Abstract

ABSTRACTAging treatments in water and in air and controlled neutron irradiation were performed on commercial crosslinked low‐density polyethylene (XLPE) for promoting different mesostructural arrangements of crystallites and crosslinking degree. Infrared spectroscopy, differential scanning calorimetry, differential thermal analysis, thermogravimetry, and dynamic mechanical analysis were used as characterization techniques. The relaxation peak related to the mobility of the grain boundaries from crystalline zones in XLPE was identified at around 260 K (at 7 Hz), involving an activation energy of 90 ± 4 kJ mol−1. The usual equation for describing the grain boundary mobility in metals involving the movement of grain boundary dislocations was adapted for studying the mobility of the boundaries among the crystalline zones, successfully.
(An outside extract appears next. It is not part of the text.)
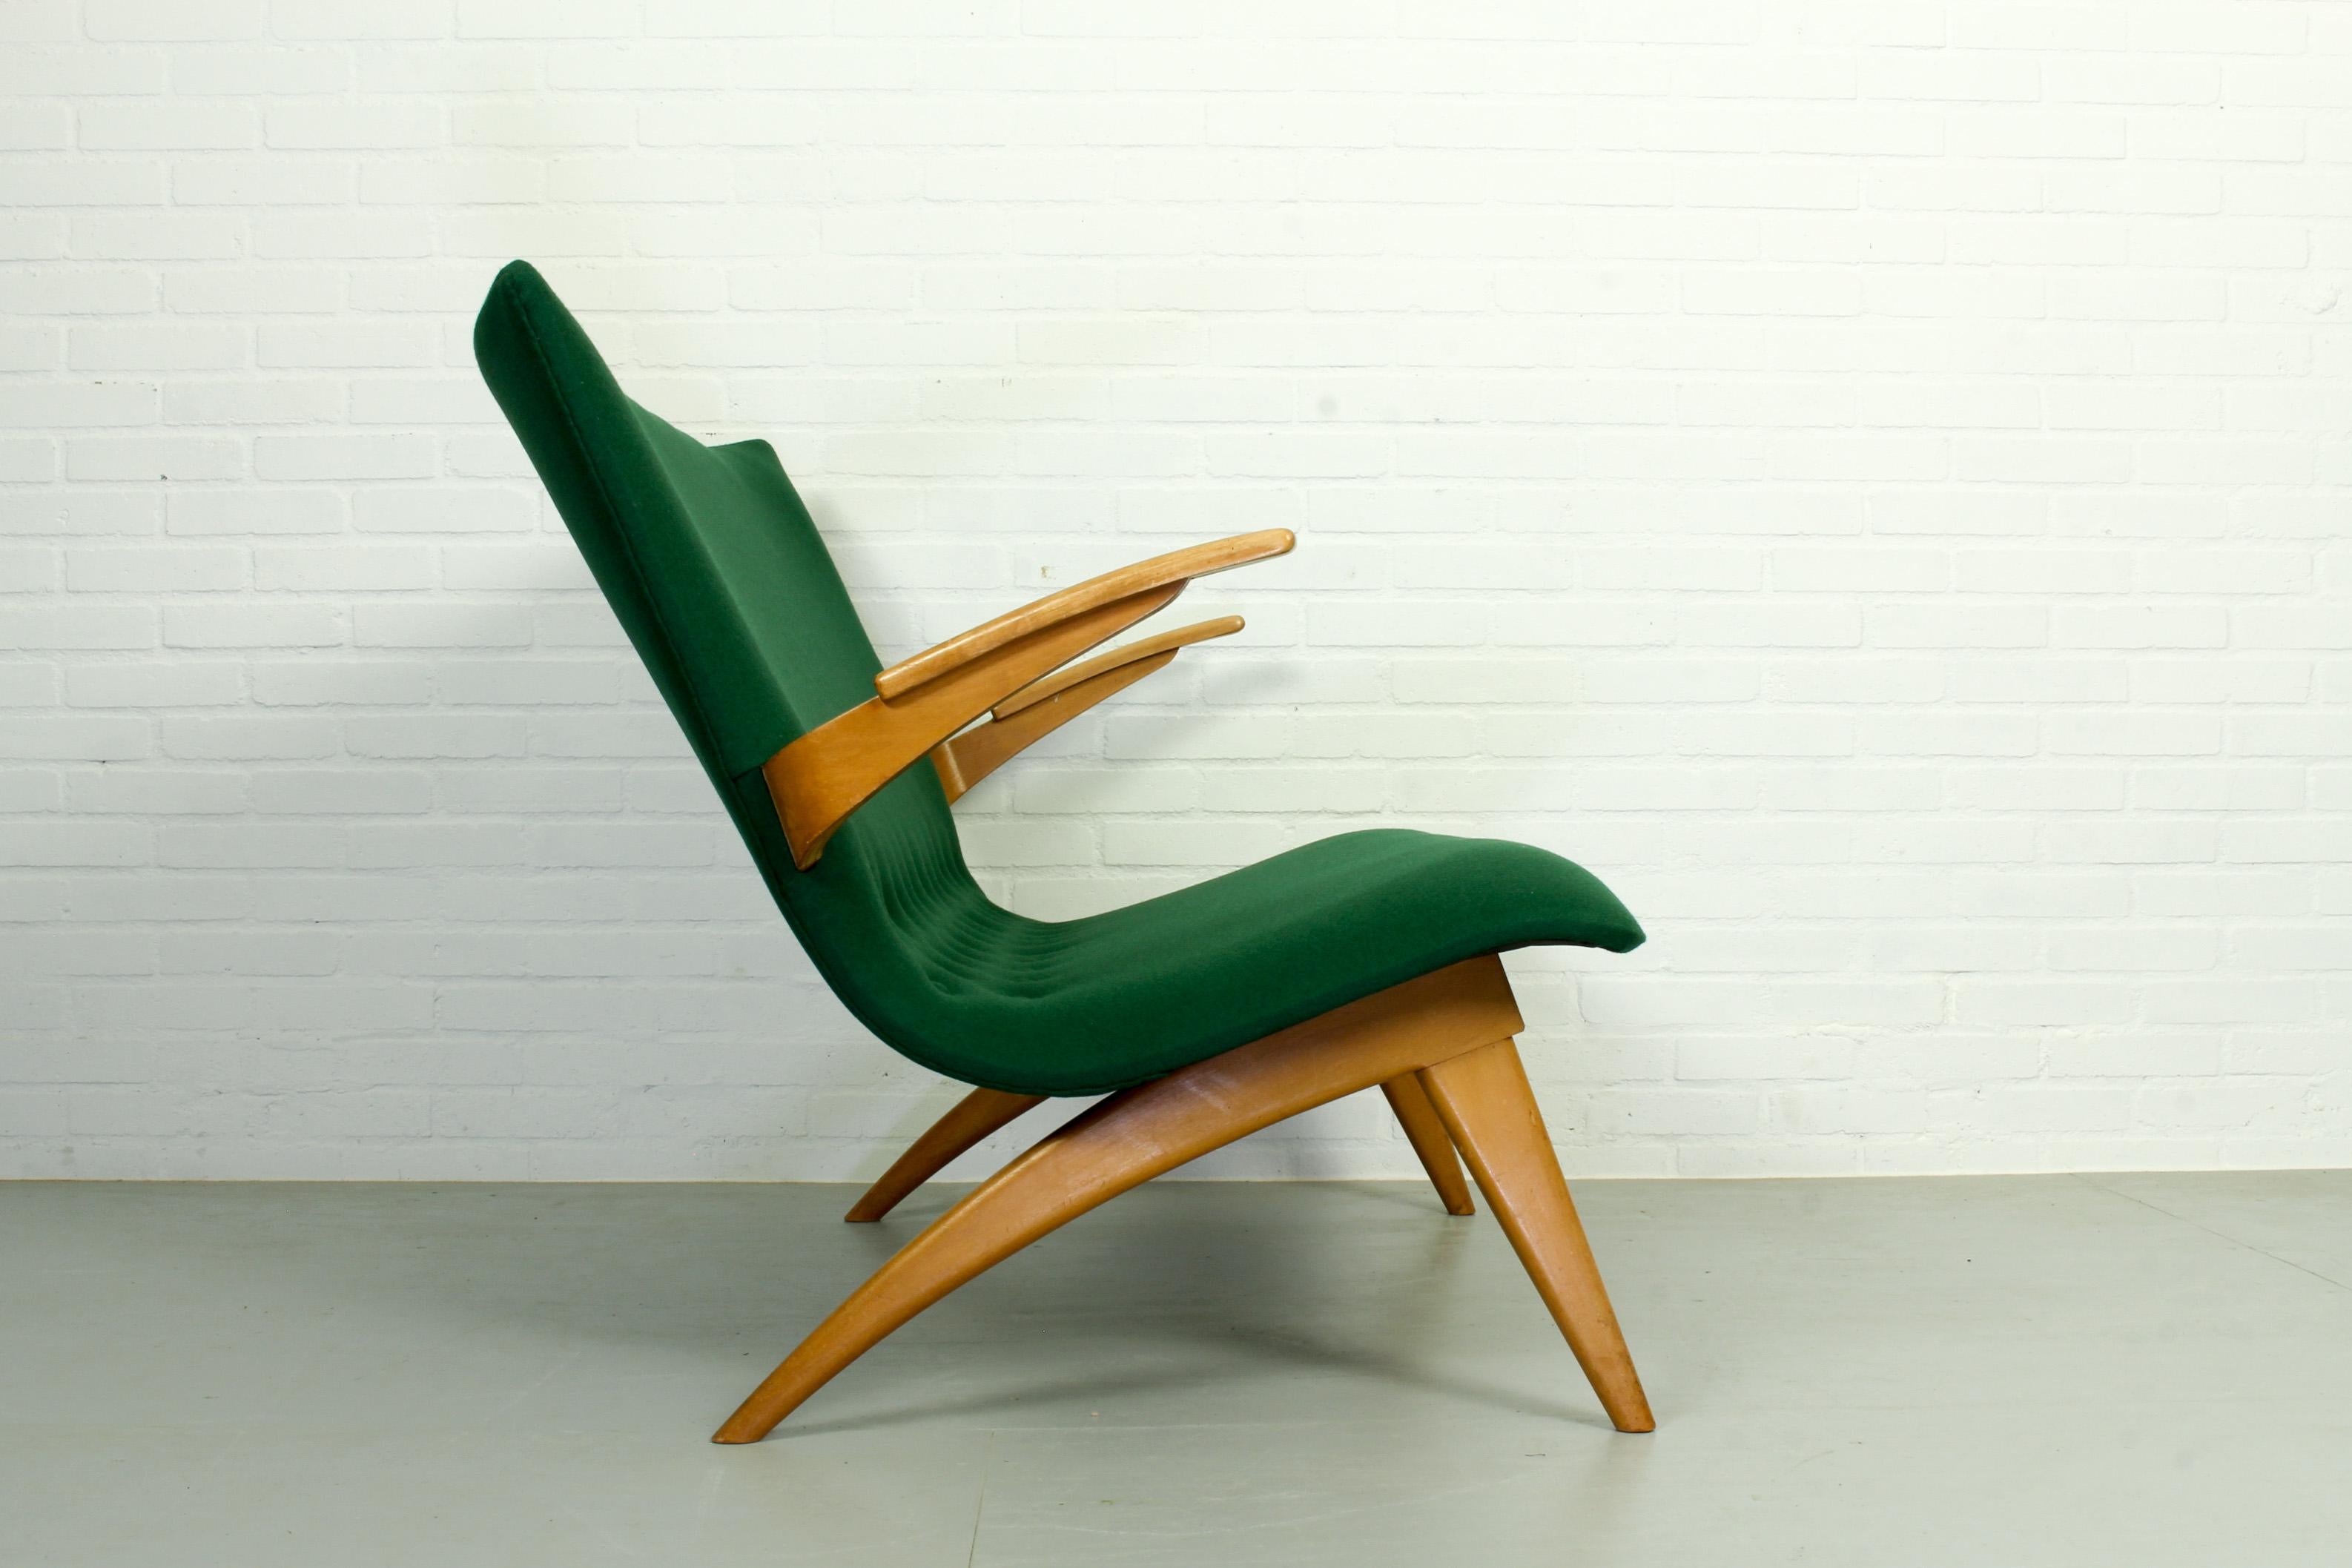 Ein seltenes und formschönes Loungesofa von van Os Culemborg aus den Niederlanden. Entworfen von G. van Os in den 1950er Jahren. Dieses Sofa hat schön geformte Armlehnen und einen schön geschwungenen Rahmen. Das Sofa hat neuen Schaumstoff und neuen

In addition, a new mechanical relaxation peak that appears at around 300 K (at 7 Hz), which involves an activation energy of 94 ± 5 kJ mol−1, was found. The driving force controlling this peak was determined as the dragging of the polymer chains at the amorphous zones adjacent to the crystals controlled by the mobility of the crystallites boundaries. The chains movement was done with break away from the physical pinning points. © 2019 Wiley Periodicals, Inc. J. Appl. Polym. Sci. 2019, 136, 47605.